SFD Firefighter Joshua Creech, who was born after the events of 9/11 occurred, said that he always thinks about his firefighter brothers and sisters that gave the ultimate sacrifice. He was bothered by one thing, though: “My teachers never spent an entire day studying the events of 9/11 in school. At best, there was a very brief mention. I think that an entire day should be spent teaching and discussing how this happened and how it changed our country.”
After Chief Drew’s remarks, a wreath was laid, the fire bell was tolled and “Taps” was performed by Fire Marshal Madison Drew on the bugle. Chief Drew thanked the sponsors, and Fire Department Chaplain Rodney Cox closed the ceremony with a benediction.
A U.S. flag was lowered on the front of the fire department building at 9:37 am, the same time that American Airlines Flight 77 crashed into the Pentagon. Another flag was unfurled on the fire department building at 10:03 am to mark the time that United Airlines Flight 93 was crashed into a field in Shanksville, Pennsylvania. Courageous, unarmed passengers, alerted by cell phone to the other terrorist attacks of that morning, attempted to wrest control of the aircraft from the hijackers to prevent it from being used as a weapon. They were successful.
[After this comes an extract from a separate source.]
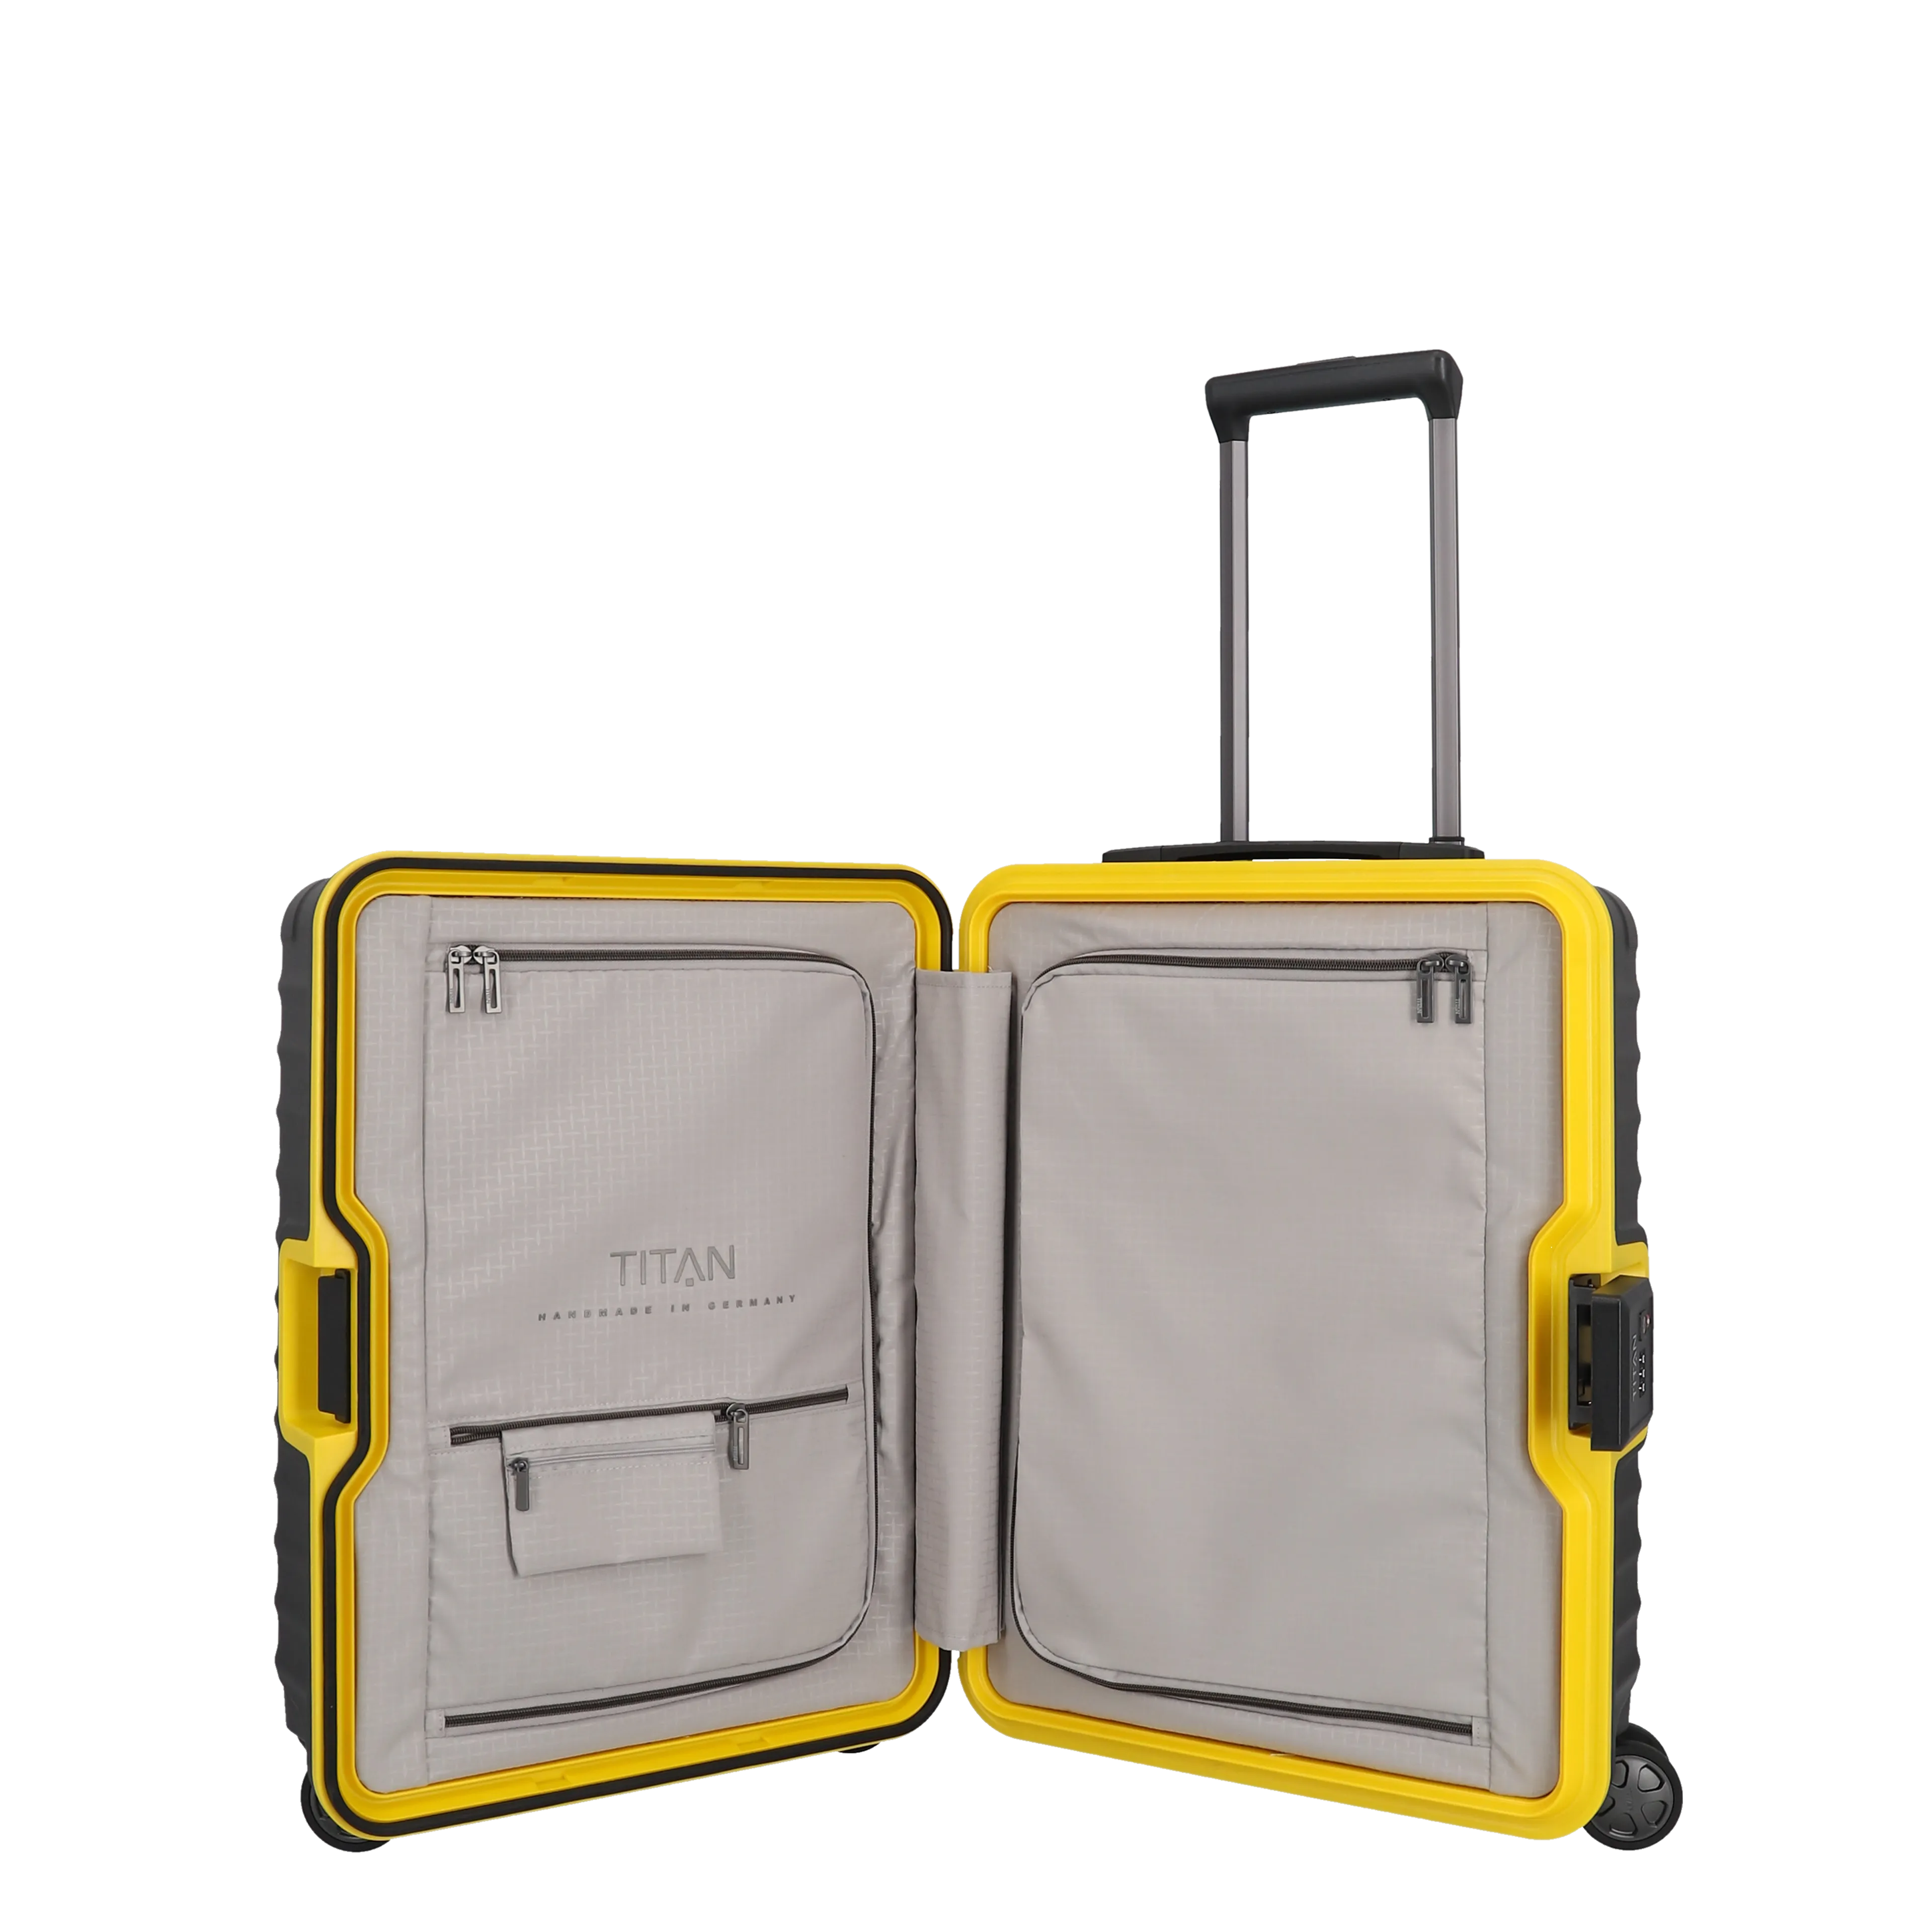 Ein TITAN Koffer der Serie LITRON Frame BVB Edition Innenansicht in schwarz/gelb Größe S 55cm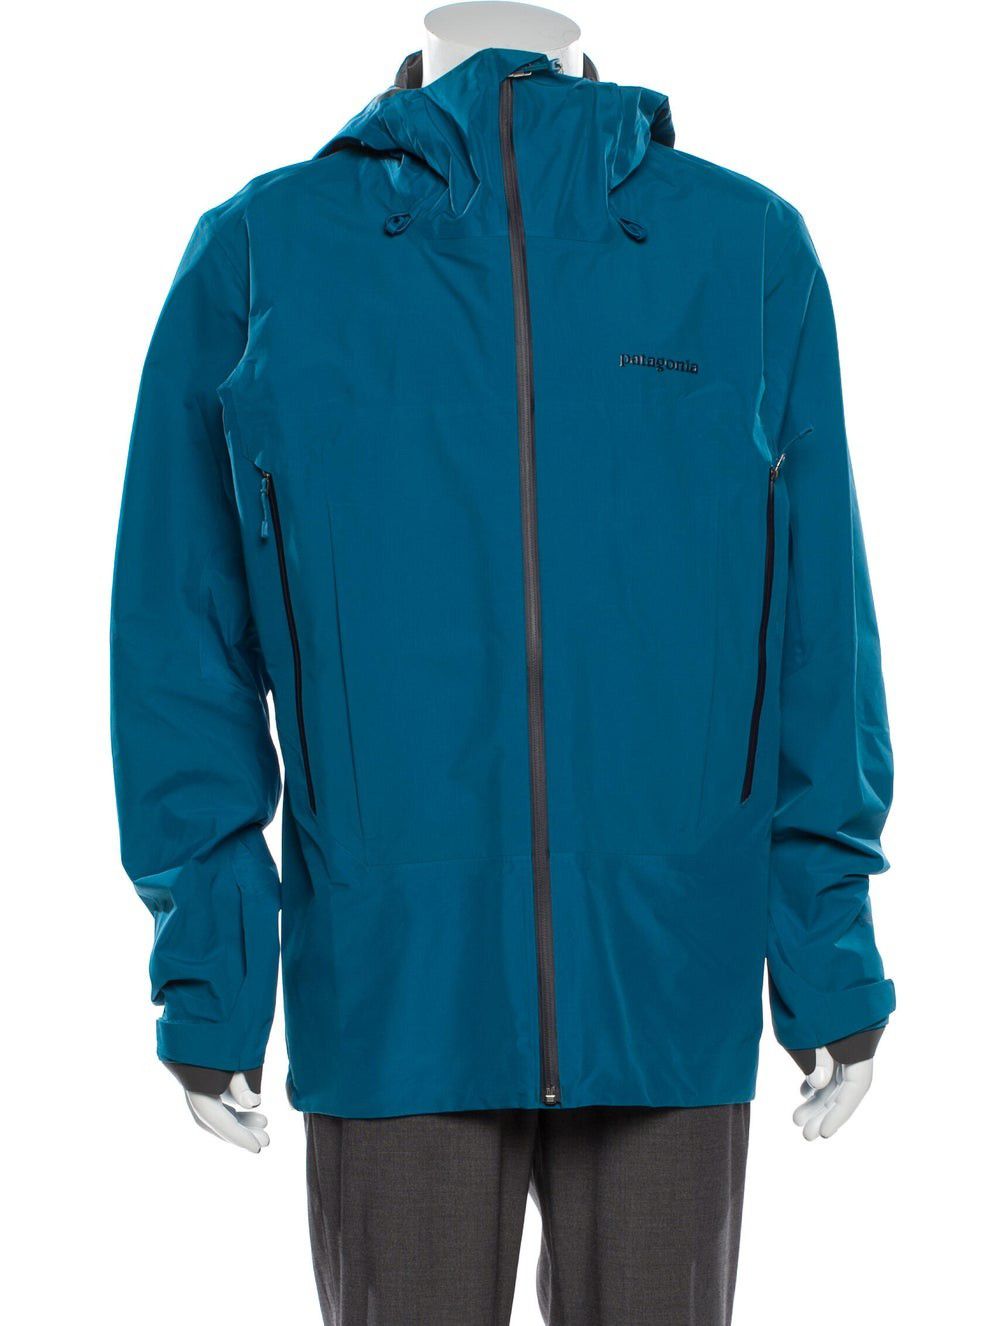 Patagonia Super Alpine GoreTex Jacket Blue Medium New $600

Bystander Christopher Martin, retired after 27 years as an Ohio police officer, said that he has been at 9/11 ceremonies for 20 consecutive years since 9/11 and that Southport’s was “outstanding.”
When he reflects upon those terrorist attacks, he said that it makes him “scared” for his family, the very same feelings that he experienced on 9/11.
Chief Drew’s closing remarks echoed the thoughts of so many on this date: “To our fallen brothers and sisters, we will never forget. God Bless their families, and God Bless this Great United States of America.”